To encourage workers to sign up for the accounts, many employers contribute to them, thereby sharing in the savings from reduced employee premiums and offsetting the high deductibles employees must now assume.
Vellines says most of his company's 400 employer clients put money into their employees' accounts.
By using such consumer-driven health plans, employers find that they can slightly reduce their expenditures on employee health care. "Employers are shifting more and more of the expense as well as the customization of coverage onto the employee," said Tracey Baker, vice president of Cooper, Jones & McLeland, a financial-planning firm in Fairfax, and co-author of "Navigating Your Health Benefits for Dummies."
A few companies have dropped their traditional health-care coverage altogether and shifted to health savings accounts. Watson Wyatt discontinued traditional insurance at the end of last year.
"That concept is known as 'total replacement.' There are a small but growing number of companies moving in that direction," said Watson Wyatt spokesman Ed Emerman. Wendy's International, based in Ohio, was one of the early adopters, switching to HSAs in 2005.
For consumers, choosing between a traditional health plan and a health savings account is not as easy as it may seem. The high-deductible insurance required to open an HSA makes many people a little nervous. And the complexity of the paperwork and investment options plus calculating the costs and benefits can be overwhelming.

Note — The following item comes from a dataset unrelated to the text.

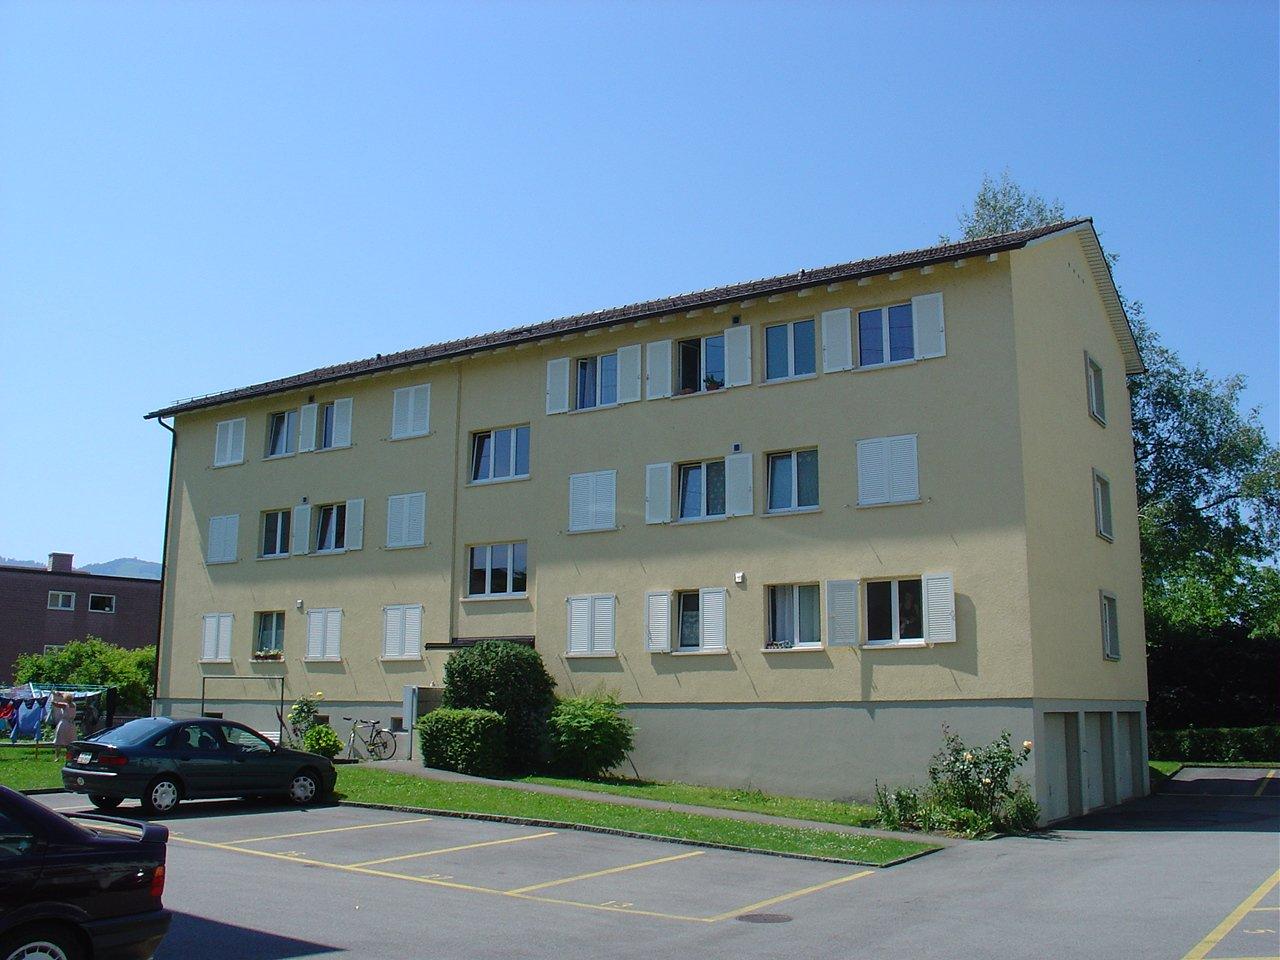 Eichfeldstrasse 22

Rosemary Driscoll, a self-employed market research consultant in Natick, Mass., decided to set up an HSA last year. She and her husband, Bill Seymour, also self-employed, were facing a sharp increase in their insurance premium last year as he was about to turn 60 -- to $1,300 per month from $910. "Whoa, that's too much. Let's look at some other options," she recalled saying to her husband.
Driscoll thought she would try an HSA. She signed up for a high-deductible health plan for herself and her husband through Blue Cross, with a $950 monthly premium. She set up the health savings account through Wells Fargo and contributed a lump sum of $5,400 for 2007. She elected to leave all of the funds in the money-market option earning 4.67 percent. She pays no account-management fees.
But the fund has not turned out to be the wise financial choice she expected. What she never thought to check, but discovered the hard way, was that her asthma prescriptions can cost up to $600 per month. That alone -- not counting doctor's visits or any of her husband's potential medical expenses -- consumes all of the funds in their account. The high monthly drug expense had been masked by the lower co-payments offered by their previous traditional insurance plan.